This study demonstrates that integration of ART services into the MCH platform can lead to significant improvements in HIV+ women’s retention in care and VS up to 12 months postpartum. We also found longer durations of any BF and EBF among women who were randomised to integrated MCH and ART services. Overall, the integration of MCH and ART services may represent a simple intervention that can enhance the health of HIV+ women and their children in the first year after delivery.

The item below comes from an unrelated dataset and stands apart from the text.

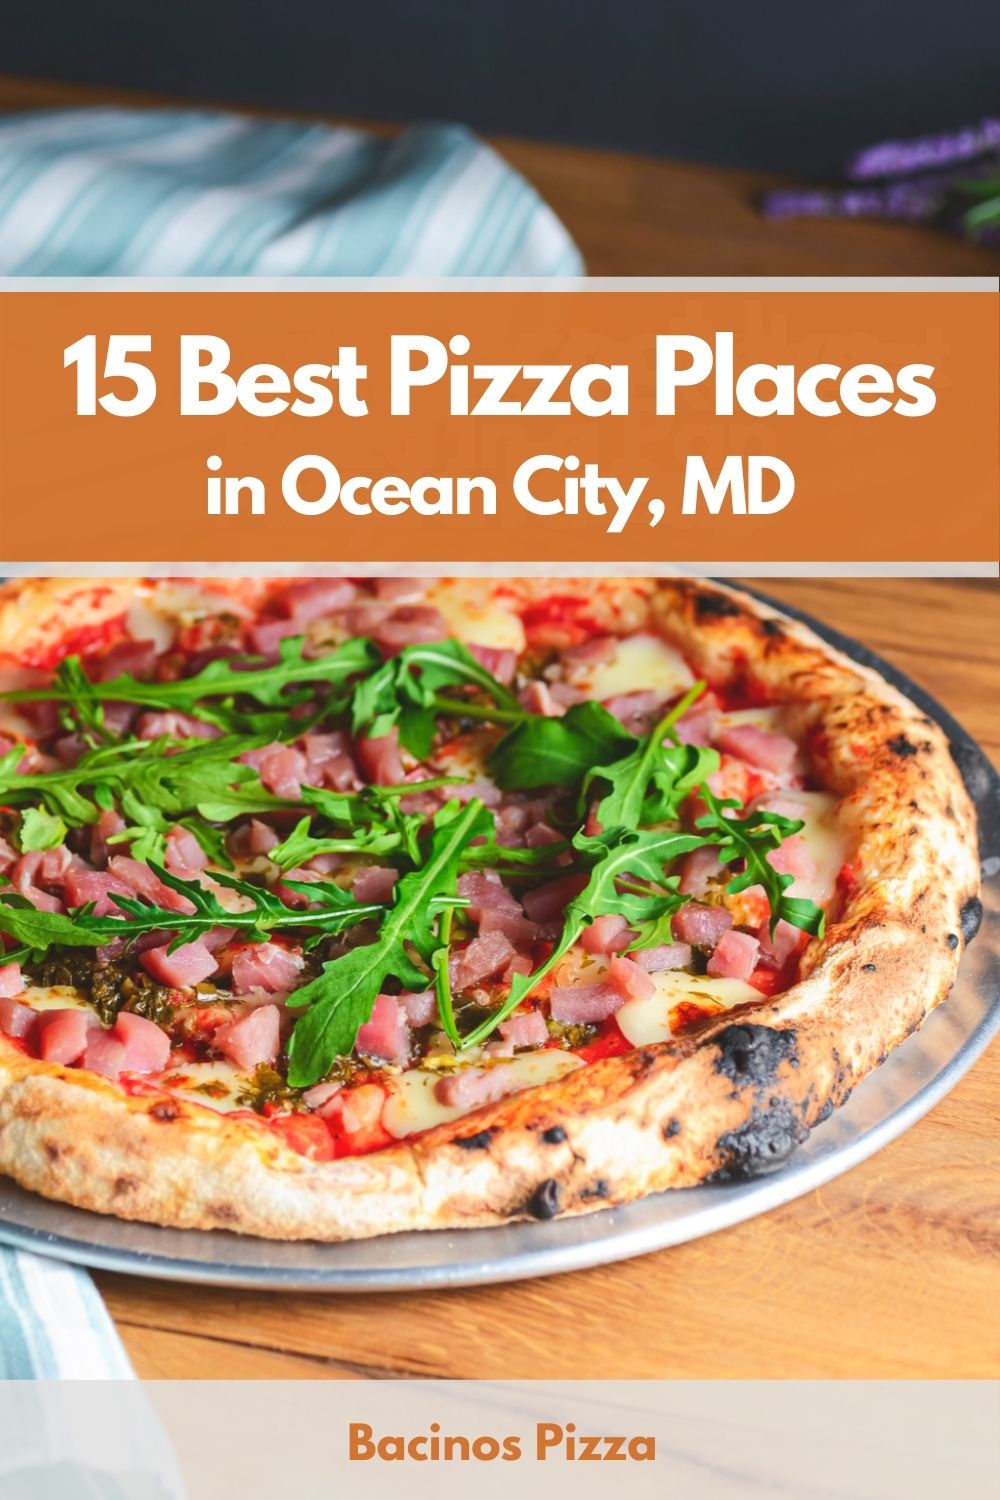 15 Best Pizza Places in Ocean City, MD pin

This is one of the few randomised studies presenting evidence that integration of MCH and ART services can enhance women’s engagement in HIV care during the postnatal period and improve biomedical outcomes. While the challenges of retention in care and adherence to ART in HIV+ women during the postnatal period have been widely documented, rigorously evaluated interventions to strengthen women’s engagement in services are scant. Existing intervention modalities typically target individual women as the locus of intervention, for example through intensified patient counselling, mobile health interventions, services offered by lay health workers, and/or incentivising health behaviours, often with mixed results over short durations postpartum [11]. While these approaches may be useful to address single, specific causes of women’s disengagement from care, the intervention effects observed to date have been modest, and the feasibility of scaling up these interventions remains unclear.

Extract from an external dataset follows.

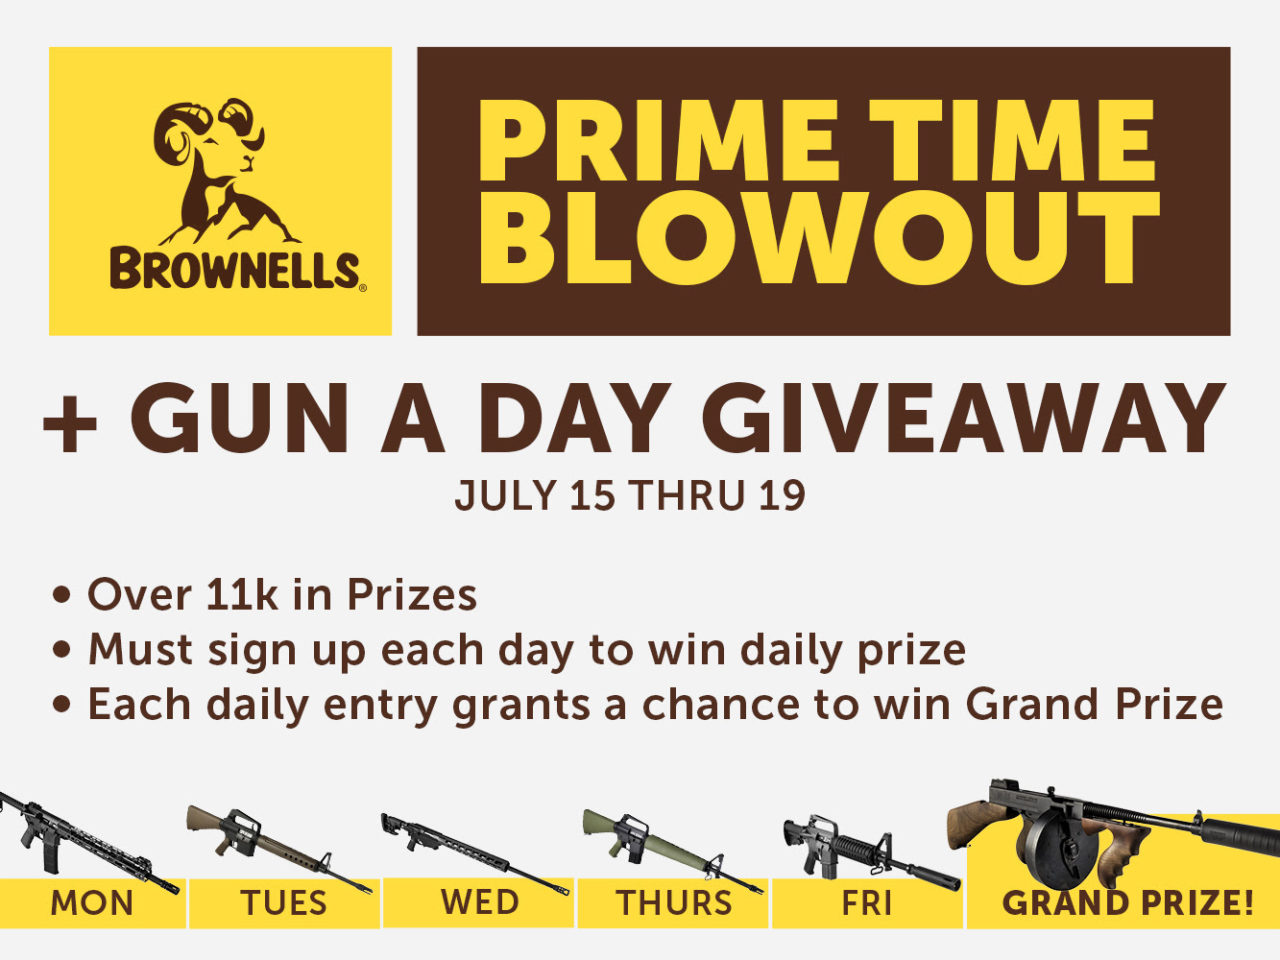 Brownells Prime Time Blowout Features Deals & Free Guns

In contrast, the integration of services represents a structural health systems intervention that may impact on multiple aspects of service engagement. We observed strong associations involving the primary outcome, women’s retention in care, and VS, as well as infant feeding practices; we had limited power to detect associations with outcomes that occur more commonly (such as maternal family planning use) or rarely (such as mother-to-child HIV transmission) in this setting. While not all research has shown improvements in care associated with integration of HIV and MCH services [22], our results are congruent with previous findings that models of care for postnatal ART services can influence outcomes for HIV+ women and their families. One health services evaluation from Malawi suggested that clinics that combined maternal and infant care yielded superior maternal retention outcomes compared to disaggregated forms of care where mothers received treatment within general adult ART services [14]. Similarly, a randomised controlled trial in Nigeria found significant increases in maternal retention in HIV care up to 3 months postpartum with a multicomponent package intervention that included co-scheduling of care for HIV+ mothers and their infants [23]. Building on these results, our trial findings advance the state of knowledge by providing compelling evidence demonstrating the specific effects of integrated postnatal services on multiple MCH outcomes.

The differences observed in the primary outcome between the intervention and control arms were generally similar across a range of subgroups. Of note, there is considerable interest in the impact of ART initiation on the same day as the first ANC visit, compared to delaying ART initiation to allow time for patient preparation [24]; we found the intervention effect persisted regardless of this timing. Moreover, it is plausible that women who are newly diagnosed with HIV in pregnancy may face particular challenges in ART retention and adherence, though intervention effects were similar regardless of when women were diagnosed with HIV infection. In addition, there are special concerns around the provision of lifelong ART for young pregnant and postpartum women [25], but here the intervention effects were consistent across all age groups.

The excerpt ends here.